A porcine intestinal ex vivo model was developed and applied. Porcine intestinal tissue had the tunica muscularis and tela submucosa layer removed (MSLR) or left intact and cut into pieces with biopsy punches. The tissue was incubated in William E culture media for 72 hours. The explants were stimulated with TNF-α (50ng/ml), IL-6 (50ng/ml) and IL-1α (20ng/ml) or without (w/o) stimuli, at baseline, 22, 28, and 45 hours. Supernatant was retrieved at baseline, 22, 28, 45, and 72 hours. Matrix metalloproteinase (MMP) degraded type III collagen (C3M) and N-terminal pro-peptide of type I collagen (PINP) were measured by ELISAs in supernatant to assess the tissue modulation by the cytokines. One way-analysis of variance, Kruskal-Wallis tests were carried out.

Results

C3M was elevated and quantifiable earlier in MSLR explants compared to intact explants, for all treatments and time points. Also, MSLR explants demonstrated elevated C3M levels at 22 hours (IL-1α, p=0.035) and at 28 hours (IL-1 α, p=0.006; IL-6, p=0.047), compared to w/o explants. C3M was significantly lower in IL-6 stimulated MSLR than w/o explants at 45 (p=0.01) and 72 hours (p=0.001). At 22 hours the amount of PINP was significantly lower in TNF-α and IL-1-α stimulated MSLR explants compared to w/o explants. At 45 and 72 hours the amount of PINP was significantly higher in IL-1α stimulated MSLR explants compared to w/o explants (Figure 1).

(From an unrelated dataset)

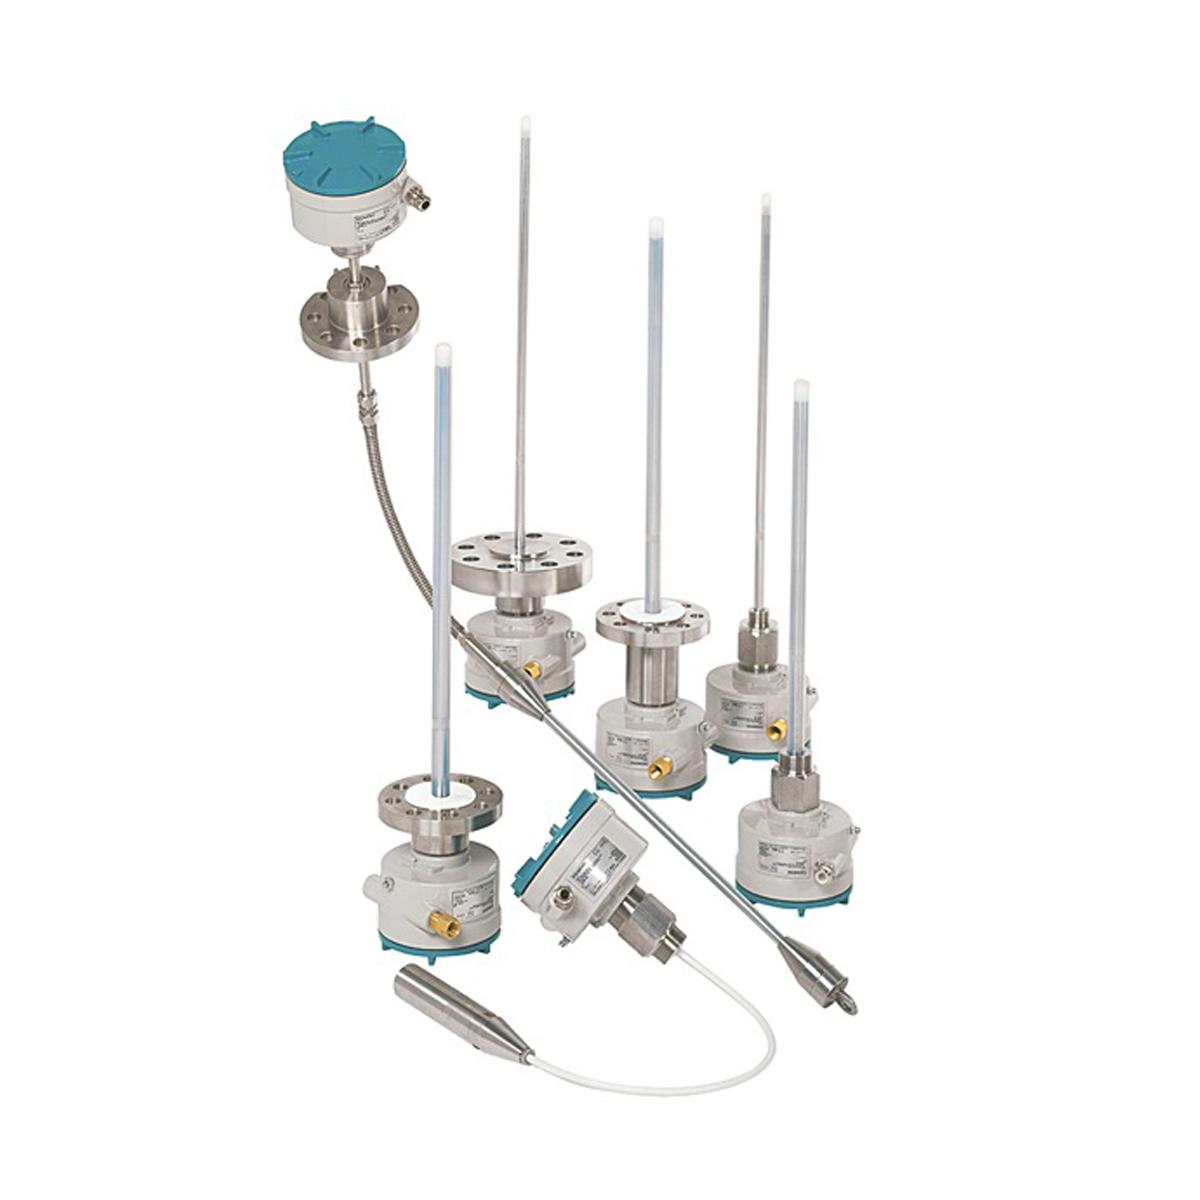 SIEMENS SITRANS LC500 เครื่องวัดระดับของเหลวและผงเมล็ดแบบคาปาซิแตนซ์

Figure 1. Amount of C3M (A–D) and PINP (F–H) in supernatant from porcine intestinal MSLR explants at 22 hours, 28 hours, 45 hours and 72 hours. w/o explants: n-5; TNF-α, IL-6 amd IL-1α explants: n=11. *p<0.05; **p<0.01. Amounts are presented as mean (ng/ml) ± standard error of the mean (SEM).

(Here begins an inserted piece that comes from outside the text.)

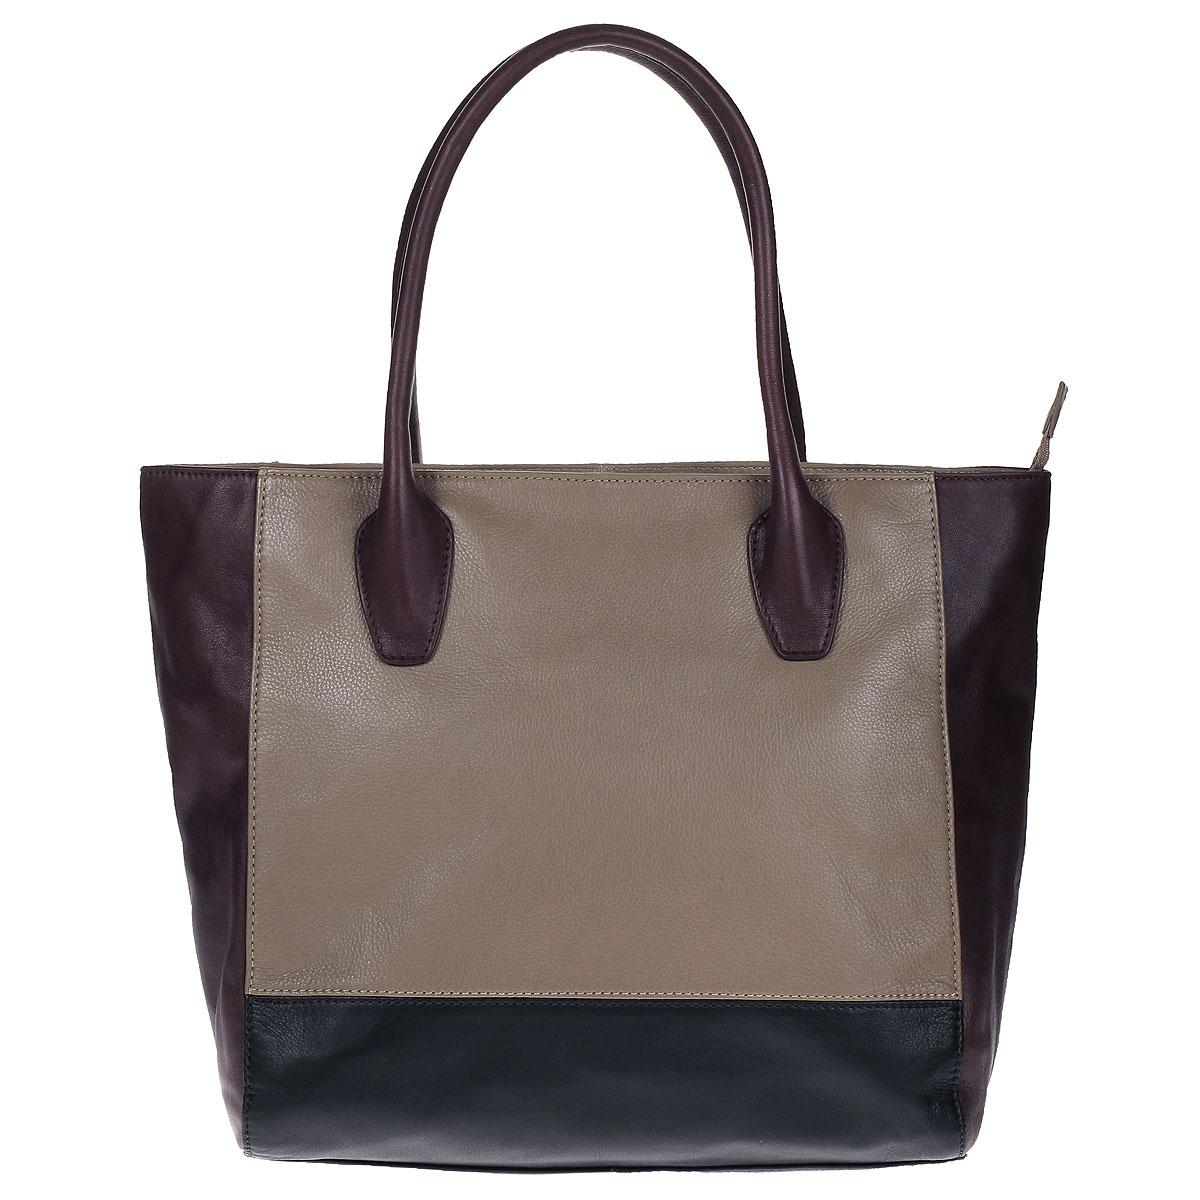 Сумка женская Palio, цвет: бордовый, черный, бежевый. 12889AS1-W212889AS1-W2Изысканная женская сумка Palio выполнена из натуральной кожи и декорирована вставками контрастного цвета. Изделие закрывается на застежку-молнию. Внутри - одно отделение, в котором имеется плоский карман на застежке-молнии, два кармашка для телефона и мелочей. Дно защищено от повреждений металлическими ножками. В комплекте чехол для хранения и съемный плечевой ремень регулируемой длины. Роскошная сумка внесет элегантные нотки в ваш образ и подчеркнет ваше отменное чувство стиля.

Stimuli did not affect viability.

Conclusion

The model proved to be applicable and informative. Cytokines induced significant time dependent dynamics of intestinal collagen turnover in the intestinal ex vivo model, supporting damaging effects of TNF-α and IL-1α and potential protective effects of IL-6. Also, IL-1α both decreased and induced collagen formation at different time points in the explants.